In Group A, blood glucose increased significantly from T1 to T2 (p = 0.008), while pruritus decreased (p = 0.007). In Group C, the only significant change was an increase in the prevalence of onychomycosis (p < 0.001). Clinical findings, anthropometric metrics, and dermatological status recorded at the second admission interval (2017–2022) are thoroughly summarized in Table 6.
Table 6. Assessments at T2.
The internal longitudinal analysis tracking the progression of clinical and skin parameters from baseline to T2 within the diabetes-development group (Lot A) is detailed in Table 7.
Table 7. Assessments for Group A: initial versus T2.
Comparatively, the chronological changes in clinical signs and associated p-values evaluated via the McNemar test for the non-diabetic control group (Lot C) are displayed in Table 8.
Table 8. Assessments for control group (C): initial versus T2.
In both Group A and Group C, blood glucose levels, BMI, and skin appearance at the first admission were found to be predisposing factors for the diagnosis of diabetes mellitus (confirmed at the second admission). Univariate analysis focusing on clinical characteristics at baseline identified three specific cutaneous findings—dry skin, pruritus, and callus—as significant predisposing risk factors for a future diabetes diagnosis (Table 9).
Table 9. Analysis of risk factors: lot A vs. lot C.
We have therefore identified three risk factors—dry skin, pruritus (itching), and callus—which we will include in a multivariate binary logistic regression model to investigate their combined effect on the risk of developing diabetes.
Univariate analysis at T1 identified three risk factors for developing diabetes: dry skin (OR = 5.93, 95% CI: 2.70–13.07, p < 0.001), pruritus (OR = 5.09, 95% CI: 2.23–11.65, p < 0.001), and callus (OR = 2.79, 95% CI: 1.10–7.04, p = 0.027).
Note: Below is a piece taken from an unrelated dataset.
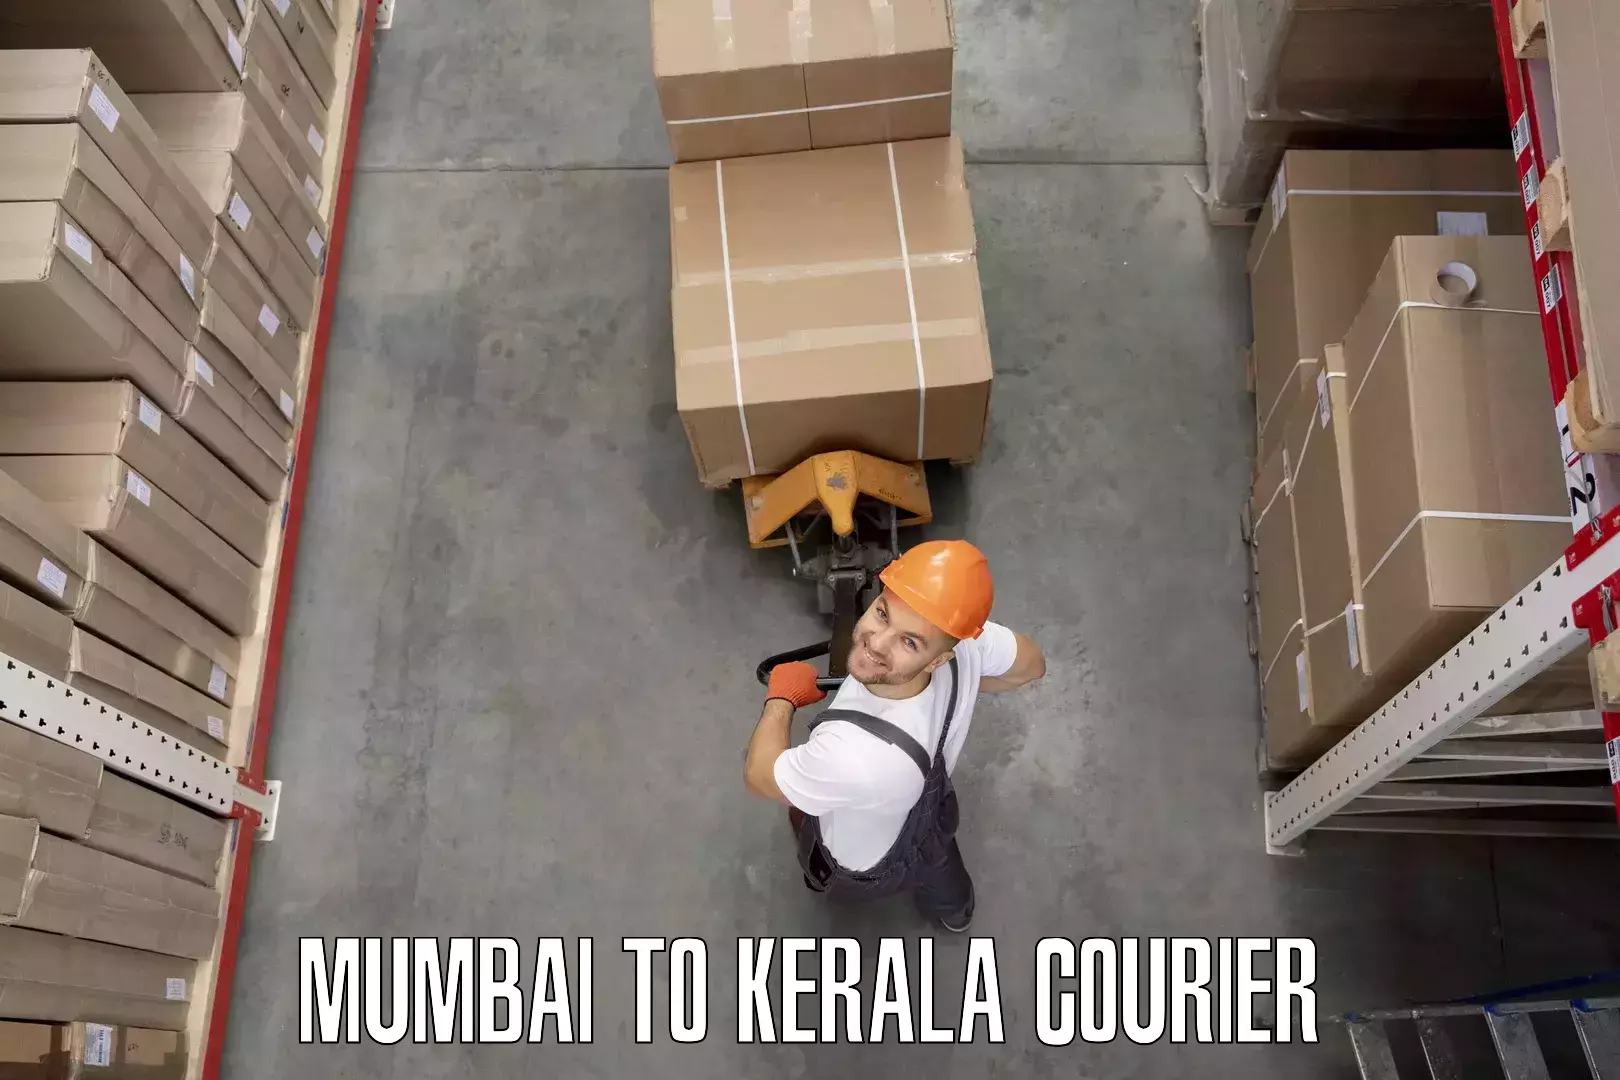 Furniture transport specialists Mumbai to Cochin University of Science and Technology
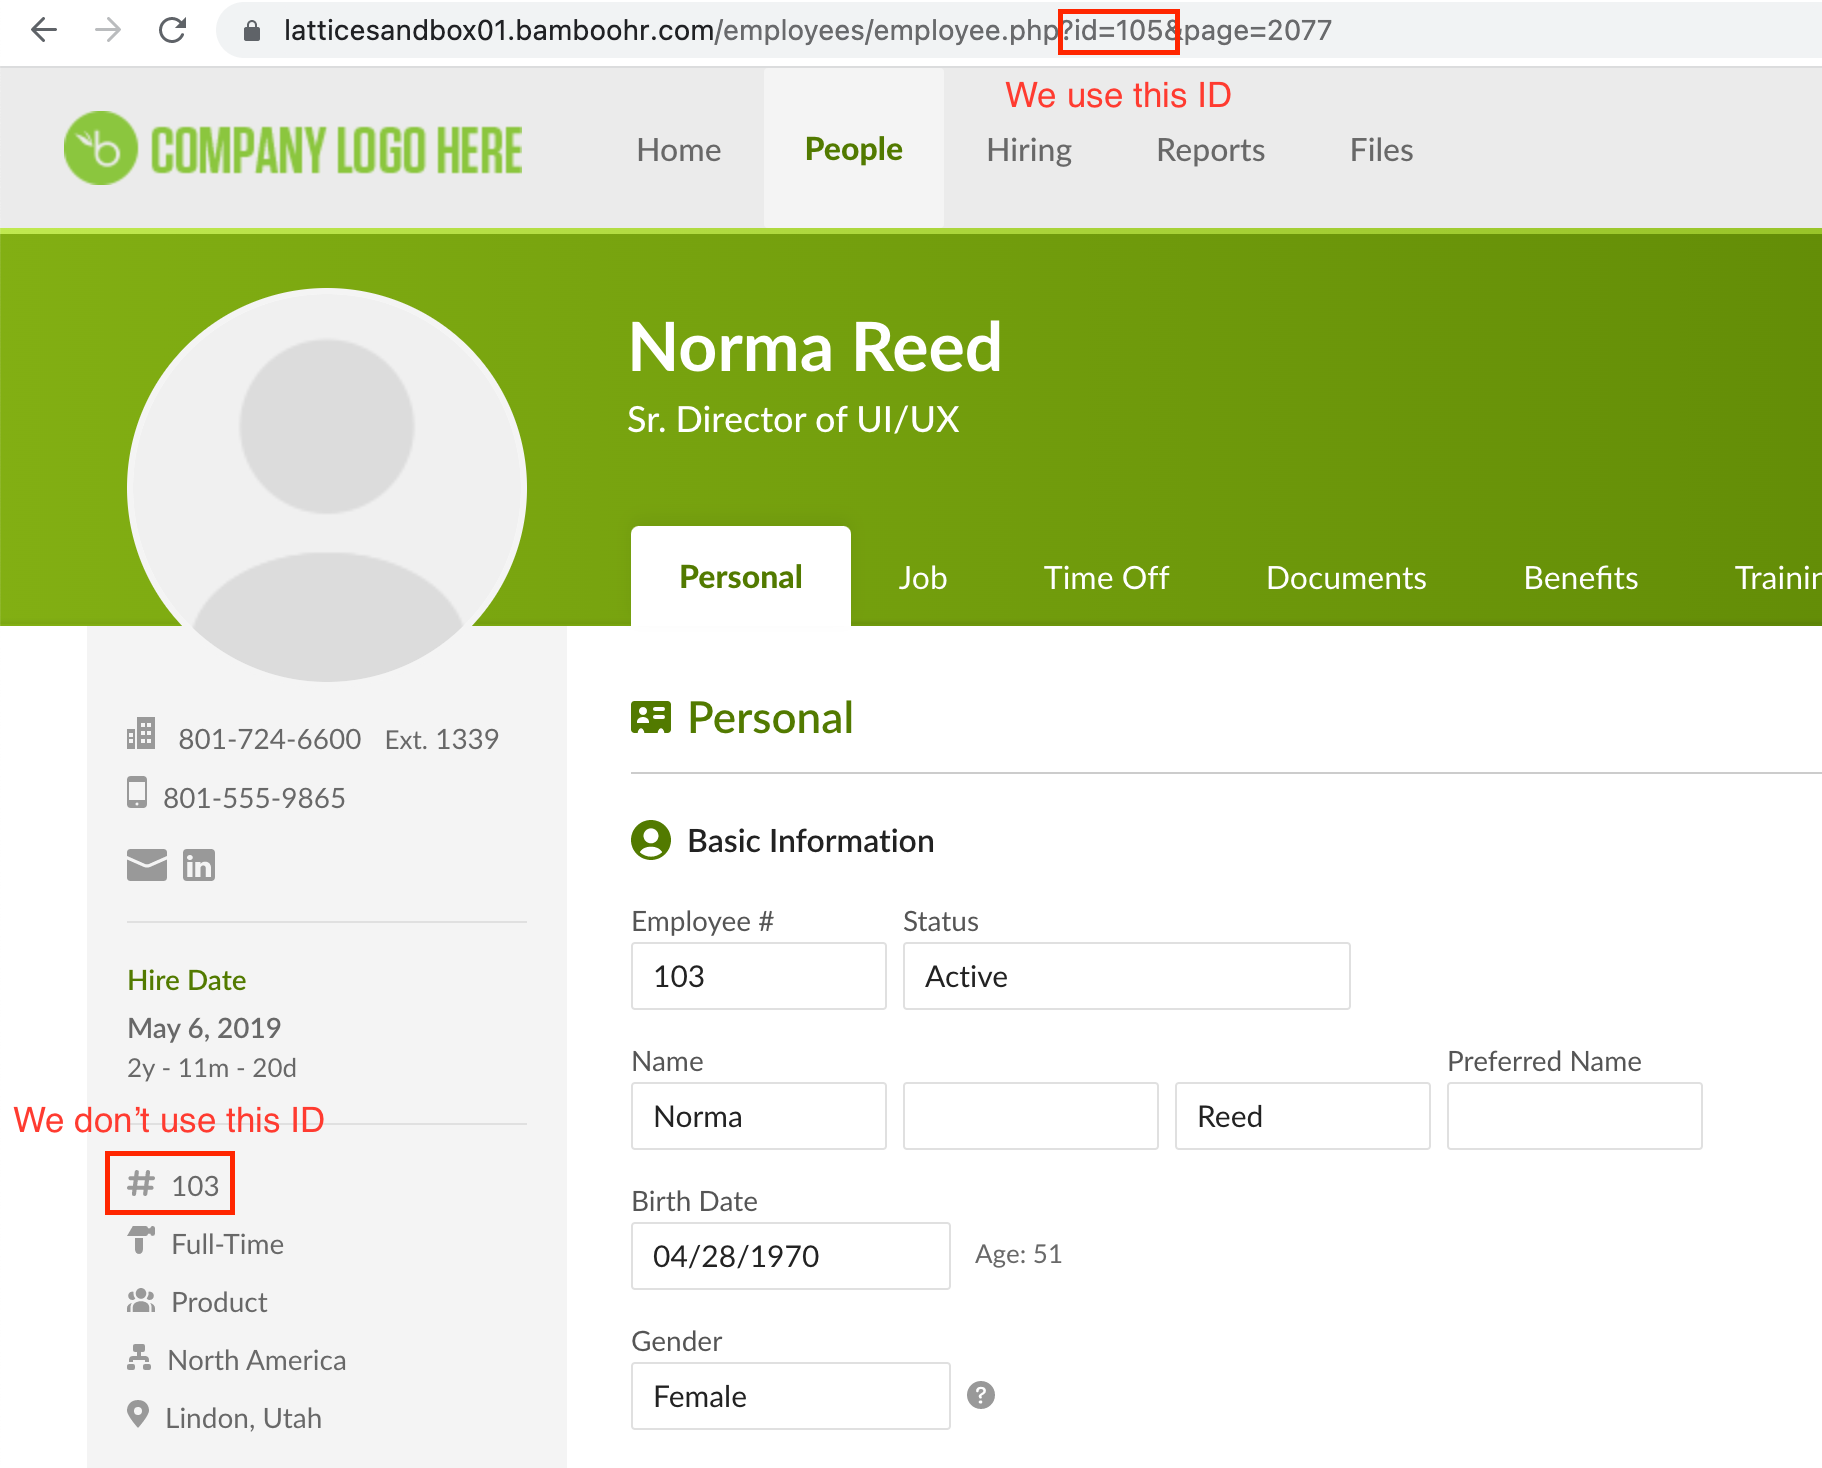 Image of BambooHR platform with a red, square box highlighting the ID in the URL and a note We use this ID.

The multivariate logistic regression model confirmed the independent association of dry skin (OR = 4.70, 95% CI: 2.02–10.96, p < 0.001) and pruritus (OR = 3.41, 95% CI: 1.39–8.37, p = 0.007) with the risk of diabetes.
The final multivariate binary logistic regression model confirmed both dry skin (OR = 4.700) and pruritus (OR = 3.410) as robust, independent predictors of future type 2 diabetes development (Table 10).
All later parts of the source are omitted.